New issue
Advanced search Search tips
Note: Color blocks (like or ) mean that a user may not be available. Tooltip shows the reason.

Issue 899908 link

Starred by 1 user

Issue metadata

Status: Fixed
Owner:
Closed: Oct 30
Cc:
Components:
EstimatedDays: ----
NextAction: ----
OS: Windows
Pri: 1
Type: Bug



Sign in to add a comment

Windows bots falling offline

Project Member Reported by martiniss@chromium.org, Oct 29

Issue description

https://viceroy.corp.google.com/auto/prod:chrome-ops-client-infra/chrome_client/bots?borg_user=&project=chromium&refresh=-1&duration=1d&bucket=&os=Windows.*&pool=Chrome&groupby=builder&utc_end=1540845047 shows this. 

win10_chromium_x64_rel_ng has long pending times, I think as a result of this.

I took a glance at https://chrome-internal.googlesource.com/infradata/config.git and didn't see anything obvious.

This will break the CQ bot very soon.
 
Yep that looks very very wrong to me.
http://shortn/_fHxctUMX7E is graph which shows this better. 
I don't see many dead bots. I would guess that these bots are just being deleted and bots aren't being brought up to replace them?
Cc: s...@google.com
I don't see anything errorlike in the mp logs, but this might be a logic bug where it thinks it needs to decommission everything, somehow...
Project Member

Comment 6 by bugdroid1@chromium.org, Oct 29

The following revision refers to this bug:
  https://chromium.googlesource.com/chromium/src.git/+/60b53b5d929f5c3d5059aee2d800b7a7177596aa

commit 60b53b5d929f5c3d5059aee2d800b7a7177596aa
Author: Stephen Martinis <martiniss@chromium.org>
Date: Mon Oct 29 20:52:53 2018

Remove win10_chromium_x64_rel_ng from the CQ

This bot is totally broken at the moment. Remove it so it doesn't block
CQ.

TBR=jbudorick
NOTRY=true

Bug:  899908 
Change-Id: Ie6eca4c1bf8a67821e5a6570a59255fc6a87f54d
Reviewed-on: https://chromium-review.googlesource.com/c/1306396
Commit-Queue: Stephen Martinis <martiniss@chromium.org>
Reviewed-by: John Budorick <jbudorick@chromium.org>
Reviewed-by: Stephen Martinis <martiniss@chromium.org>
Cr-Commit-Position: refs/heads/master@{#603611}
[modify] https://crrev.com/60b53b5d929f5c3d5059aee2d800b7a7177596aa/infra/config/branch/cq.cfg

Looks like the bots can't talk to swarming.
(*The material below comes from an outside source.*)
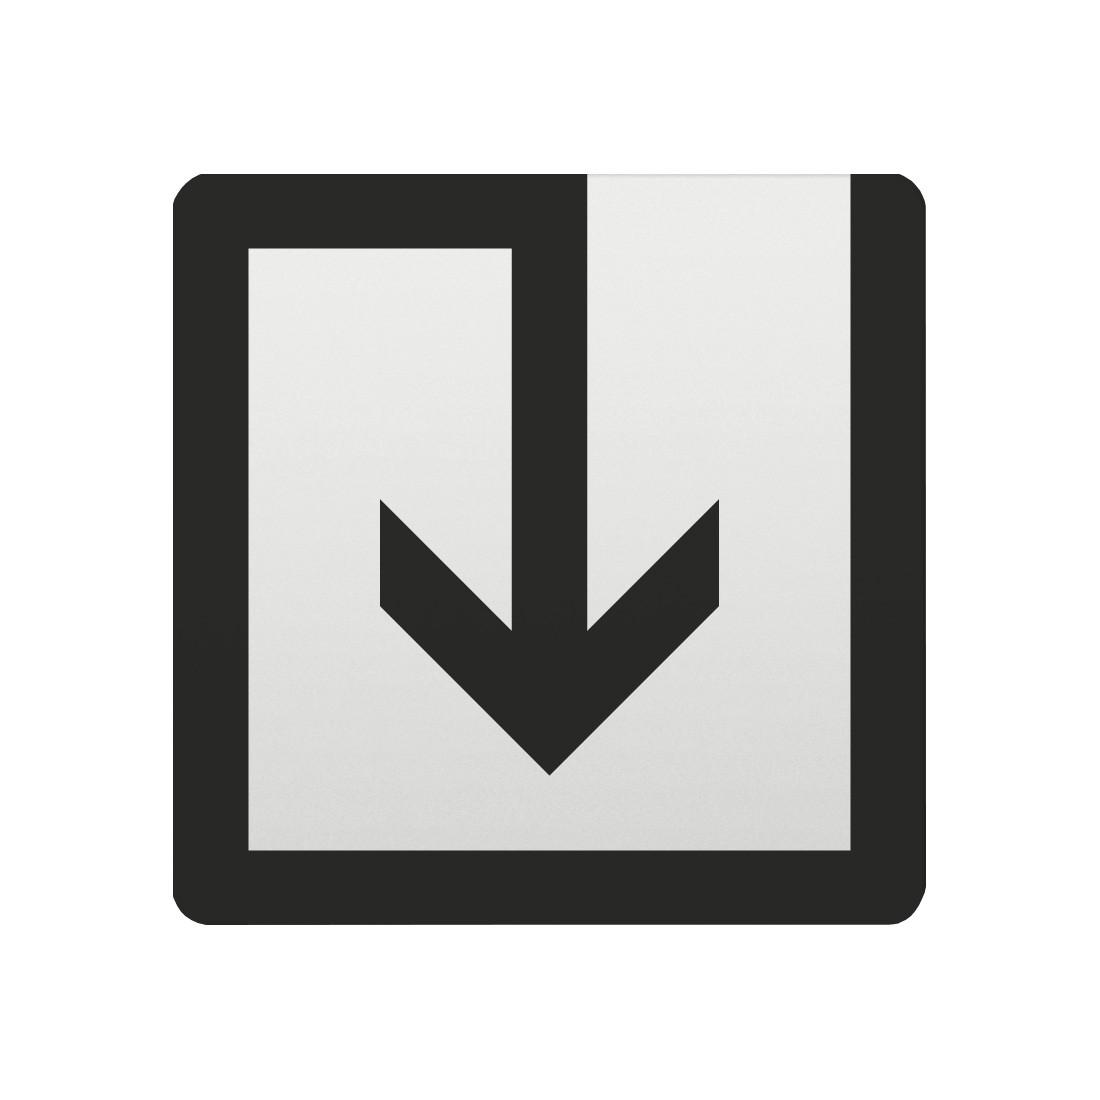 FSB Hinweiszeichen Abfall Lasergraviert Aluminium naturfarbig (0 36 4059 00040 0105)

I ssh-ed onto a bot and saw this in the logs:

7152 2018-10-29 21:00:43.213 E: Request to https://chromium-swarm.appspot.com/swarming/api/v1/bot/handshake failed with HTTP status code 403: 403 Client Error: Forbidden for url: https://chromium-swarm.appspot.com/swarming/api/v1/bot/handshake
7152 2018-10-29 21:00:43.213 E: Failed to contact for handshake, retrying in 300 sec...
vadimsh found the culprit (https://chrome-internal.googlesource.com/infra/puppet/+/41a3a0a6bfad8658f477fd89af343d2c45c35d63), which results in:


Error: Could not retrieve catalog from remote server: Error 400 on SERVER: Could not find class ::chrome_infra::setup::windows::wsus for win10-727f49a0-us-west1-b-fp6j.c.chromecompute.google.com.internal on node win10-727f49a0-us-west1-b-fp6j.c.chromecompute.google.com.internal
Warning: Not using cache on failed catalog
Error: Could not retrieve catalog; skipping run
Warning: Unable to fetch my node definition, but the agent run will continue:
Warning: A connection attempt failed because the connected party did not properly respond after a period of time, or established connection failed because connected host has failed to respond. - connect(2)
Info: Retrieving pluginfacts
Info: Retrieving plugin
Info: Loading facts
Error: Could not retrieve catalog from remote server: A connection attempt failed because the connected party did not properly respond after a period of time, or established connection failed because connected host has failed to respond. - connect(2)
Warning: Not using cache on failed catalog
Error: Could not retrieve catalog; skipping run

Which results in the bot not having credentials.
He's reverting che change.
Project Member

Comment 10 by bugdroid1@chromium.org, Oct 29

The following revision refers to this bug:
  https://chrome-internal.googlesource.com/infra/puppet/+/88c74012c667beb956197de129eaa8c2af5ae3b2

commit 88c74012c667beb956197de129eaa8c2af5ae3b2
Author: Vadim Shtayura <vadimsh@google.com>
Date: Mon Oct 29 21:08:55 2018

Sorry guys. I did not know your puppet configs would call our WSUS module so i wrote the CL assuming it was only being called by our systems.
A few machines have come online; I'll continue monitoring.
Didn't we used to have a 403 alert for swarming? And we removed it because we got a lot of false positives on it? Or am I misremembering.
Labels: -Pri-0 Pri-1
The bots seem to be recovering. I'm going to keep the bot off of the CQ until it's cleared out the pending task list.
Issue 899992 has been merged into this issue.
Issue 899917 has been merged into this issue.
Project Member

Comment 19 by bugdroid1@chromium.org, Oct 29

The following revision refers to this bug:
  https://chromium.googlesource.com/chromium/src.git/+/6fff7d80b11eebe78ec0b2f74c699278d07efe64

commit 6fff7d80b11eebe78ec0b2f74c699278d07efe64
Author: Stephen Martinis <martiniss@chromium.org>
Date: Mon Oct 29 23:36:58 2018

Revert "Remove win10_chromium_x64_rel_ng from the CQ"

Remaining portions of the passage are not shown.